Считаю до трех!
Шрифт:
«Деньги-то будут ворованные!» Кусков не помнил, как вернулся в крепость, как сел на мостовую.
«Какие ворованные! — успокаивал он сам себя. — Какое же это воровство? Хозяев-то здесь нет. Ведь это никому не принадлежит. Те, что здесь жили, давно погибли. Это всё равно будто мы клад нашли!»

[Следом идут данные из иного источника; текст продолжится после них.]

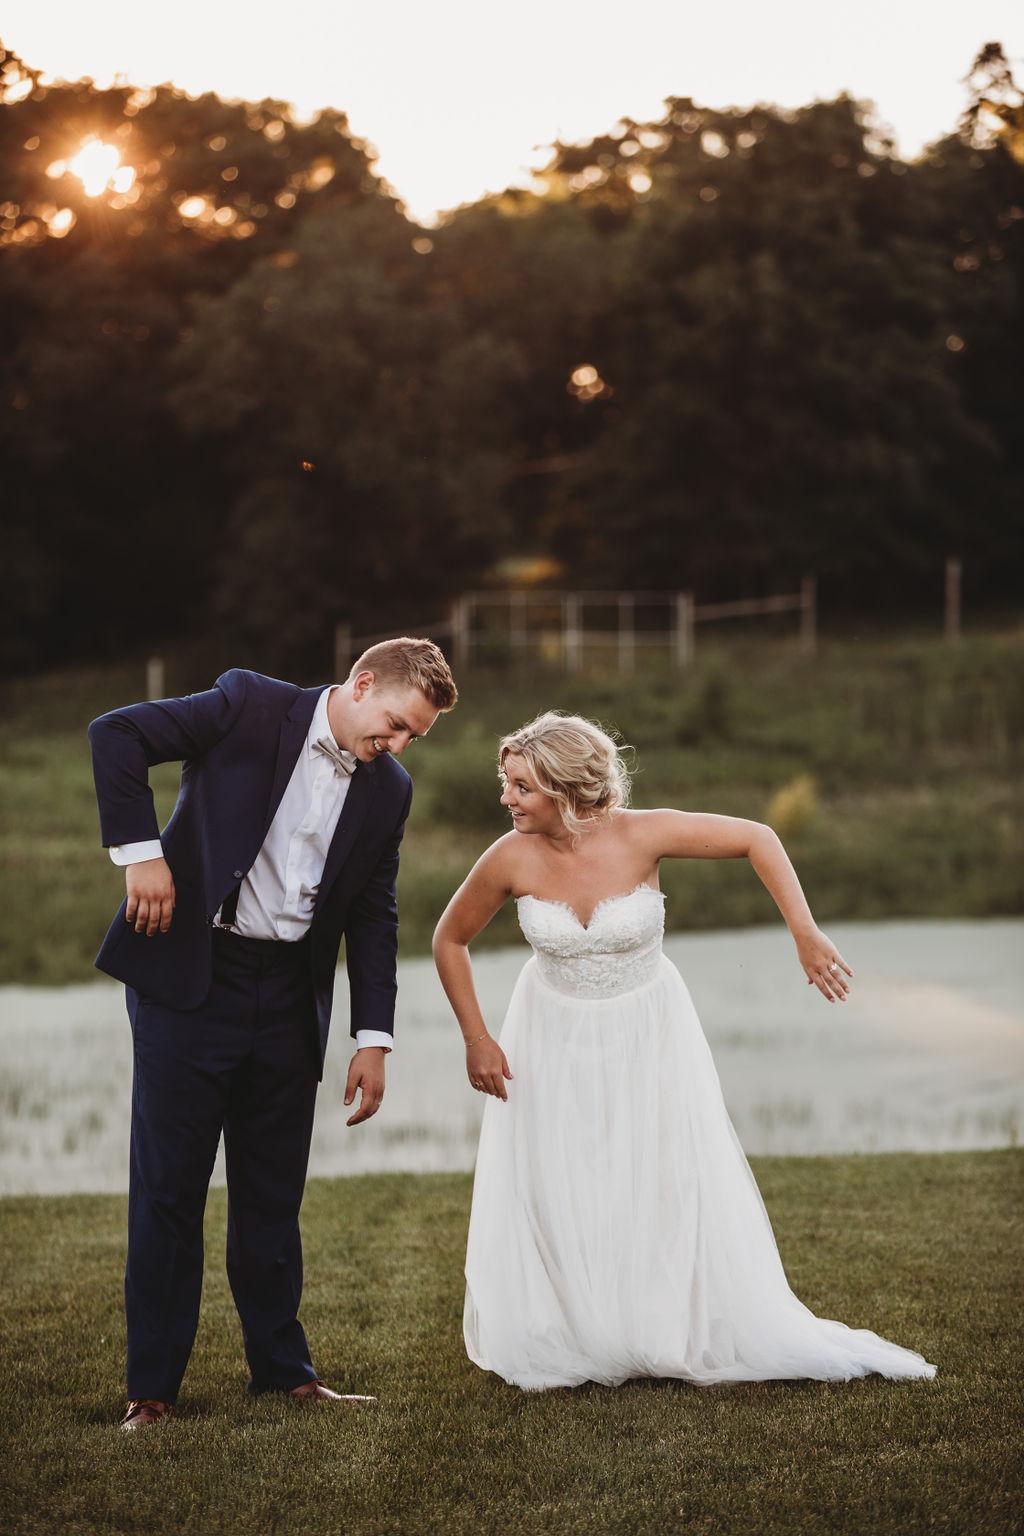 engle-olson-katie-dalton-wedding-clewell-photography-32.jpg

«Мы». Лёшке стало скверно оттого, что о себе он подумал заодно с отцом, и Сявой, и всеми другими бандитами. В том, что они настоящие бандиты, он не сомневался, да и мудрено было сомневаться, если даже отец их боялся.
Где-то
«Но ведь здесь чёрные доски! Их ещё отреставрировать нужно! Тут одна реставрация миллион стоит!»

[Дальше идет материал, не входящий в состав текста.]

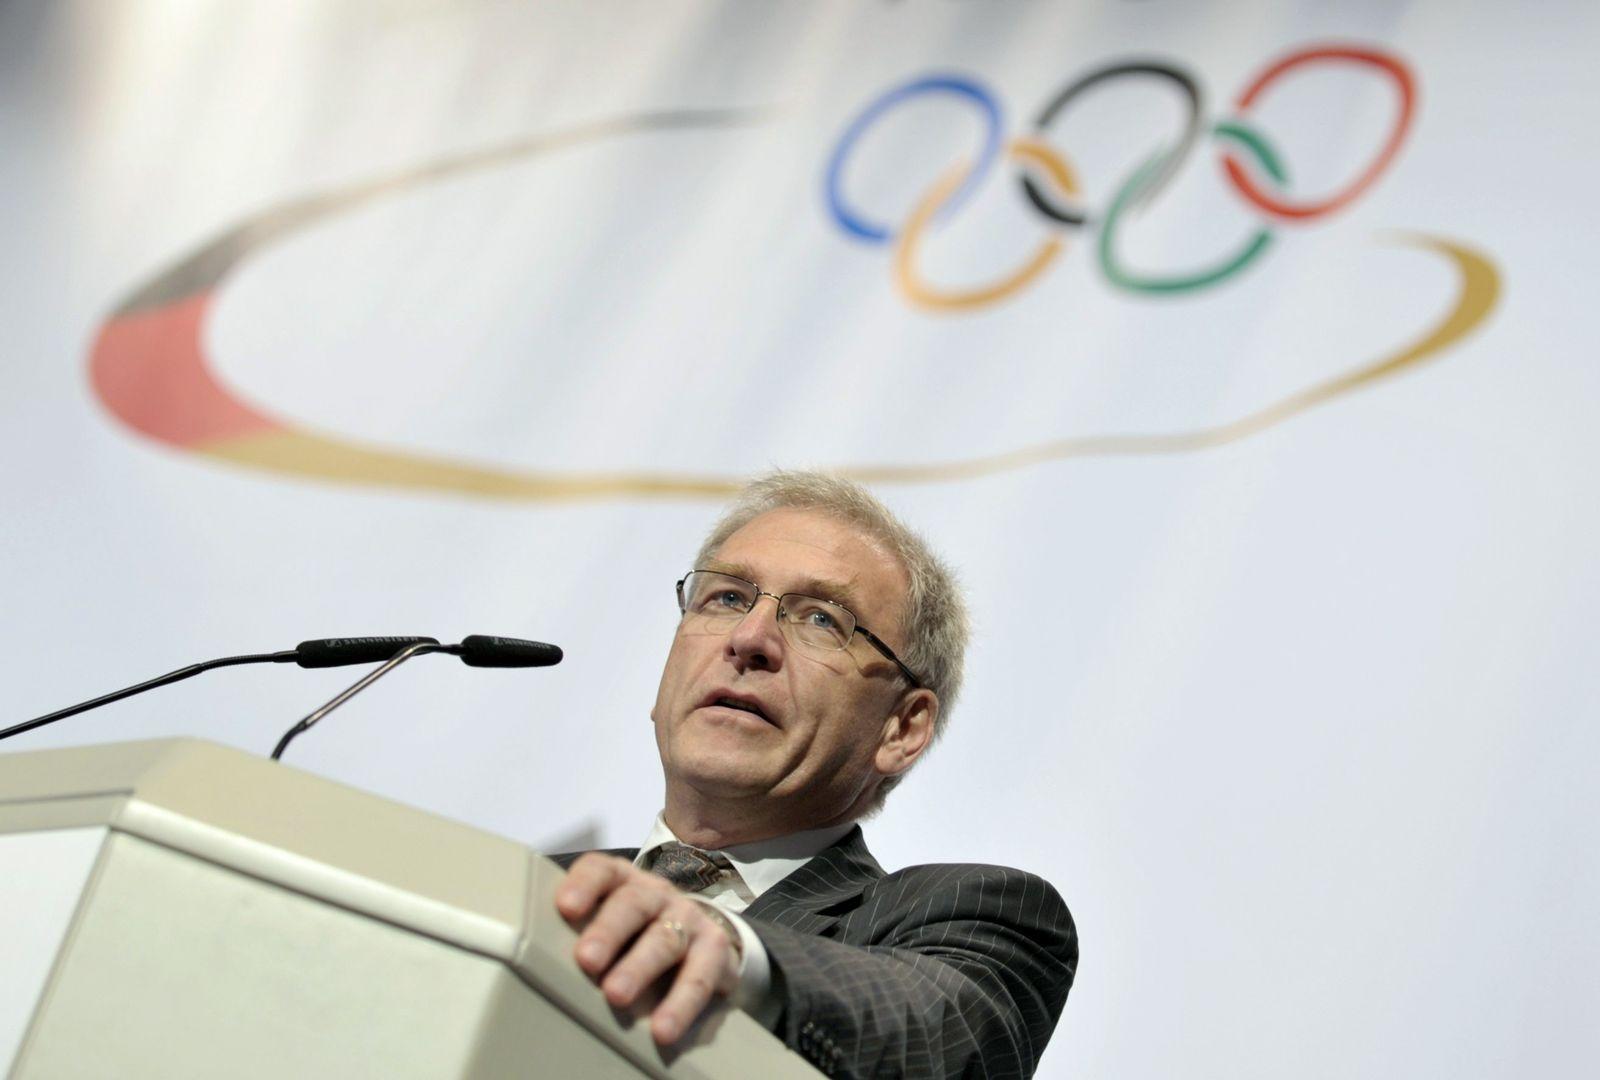 ZDF: DOSB überprüft nach Doping-Verdacht Harting-Trainer Goldmann

Кусков прошёлся по улице, остановился около осыпавшегося, словно кружевного, моста. И, глядя на него, вспомнил резные наличники, те, что дед Клава снимал со своей избы. Он вспомнил гончара, который ругался и говорил, что его горшки никому не нужны. Вспомнил заикастого директора мастерских…
«Это искусство! — сказал он себе. — Искусство принадлежит тому, кто его понимать может! Вот оно и должно принадлежать Вадиму и мне, а Сява — это только ишак! Я ещё тоже в искусстве плохо разбираюсь, но Вадим меня научит. И мы будем с ним вдвоём. Мы вдвоём с ним всем покажем». И Кусков мстительно подумал, что никогда не вернётся к матери. И что все эти Иваны Иванычи, Сявы и даже отец — ишаки, в этом их предназначение на земле, а они-то с Вадимом совсем другие.

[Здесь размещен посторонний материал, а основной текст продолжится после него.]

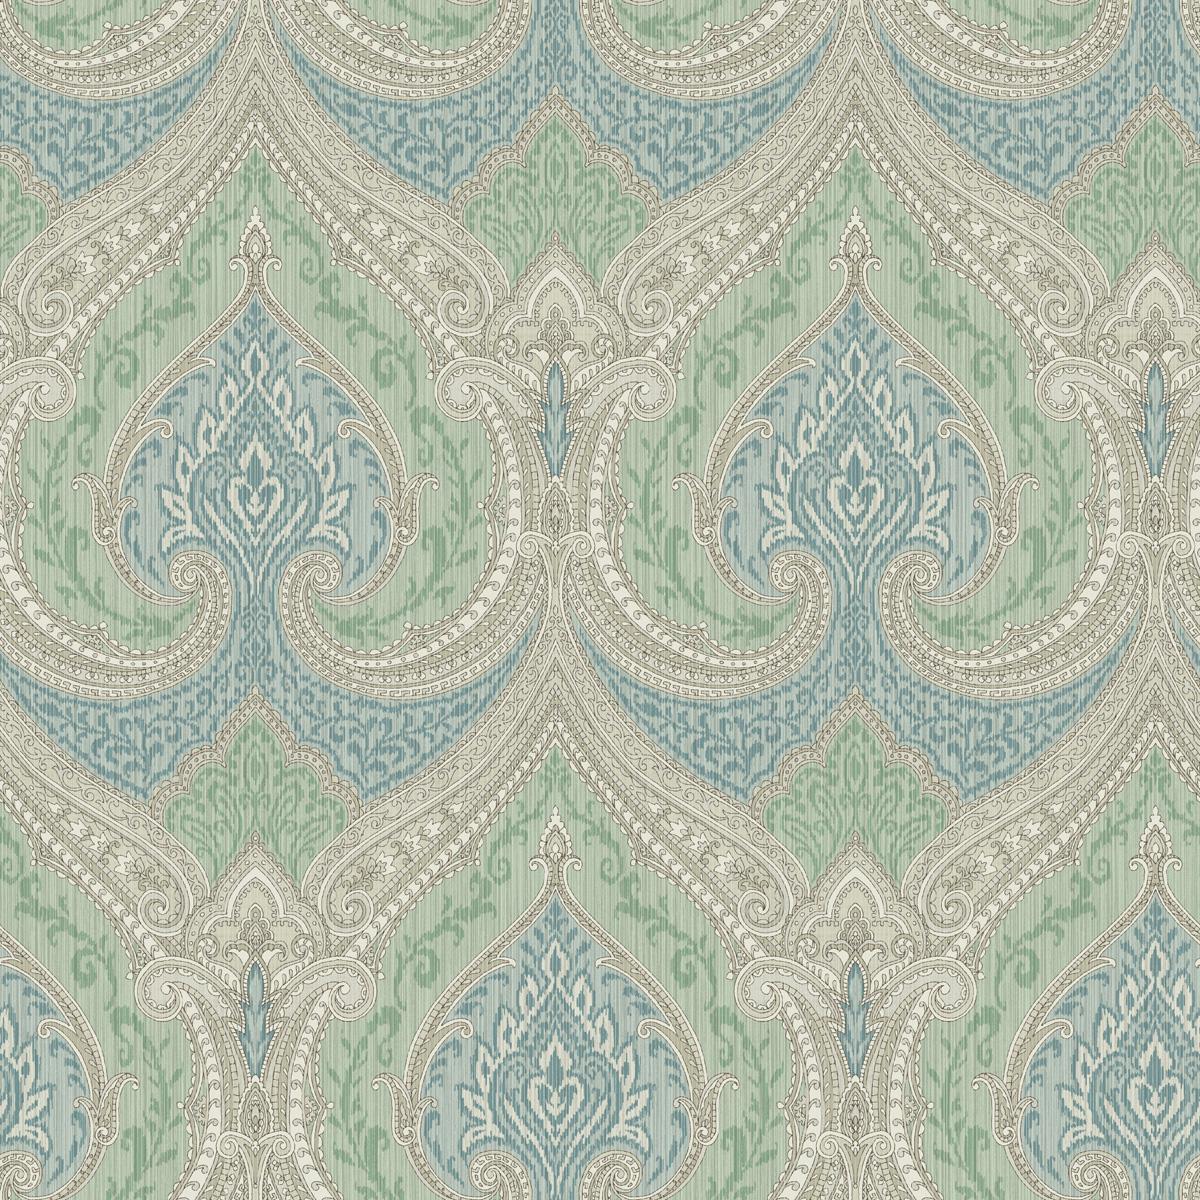 wallquest eco chic wallpaper wallpapersafari

Лёшка прошёлся по мостовой. Вадим лежал прямо на досках, подставив горячему солнцу лицо. Здесь можно было снять накомарник: ветерок отгонял комаров.
Мужчины шуровали в крайней избе. Стучали сапогами, и даже здесь, на улице, было слышно, как стонут старые половицы.
Лёшка пошёл дальше в глубь улицы. Смола сочилась по стволам сосен, в траве зудел запутавшийся овод. И вдруг кто-то шумно вздохнул.
Кусков вздрогнул, осторожно заглянул за угол избы и увидел коня. Это был Орлик. Он стоял среди истоптанного копытами двора, понурив голову.
— Орлик! Орлик! — позвал Кусков.
Конь поднял голову и насторожил уши.
Он шевелил ноздрями, словно ощупывал воздух, отыскивая нужную ему струю запаха.
— Орлик! — повторил Лёшка.
Конь повернулся и тяжело двинулся к мальчишке, но было что-то странное в его шаге. Он двигался медленно. Осторожно ставил старые, растрескавшиеся копыта, словно ощупывал землю.
— Орлик! — звал Лёшка.
Старый конь сделал ещё один шаг и вдруг наткнулся мордой на угол избы.
— Что с тобой? Что с тобой? — Лёшка стал гладить его по провалившейся спине, по бокам, где рёбра, казалось, были готовы разорвать шкуру. — Что с тобой, мой хороший?
Орлик шумно повёл боками и положил тяжёлую старую голову на плечо мальчишке.
Прямо перед собой Кусков увидел мутный, словно подёрнутый молочной плёнкой глаз.
Кусков взмахнул перед ним рукой, но конь не моргнул, не шарахнулся, не убрал голову. Две мокрые тёмные полосы тянулись от глаз коня по седине, на них то и дело садились мелкие мошки.
Кусков обхватил коня за шею и прижался к нему лицом.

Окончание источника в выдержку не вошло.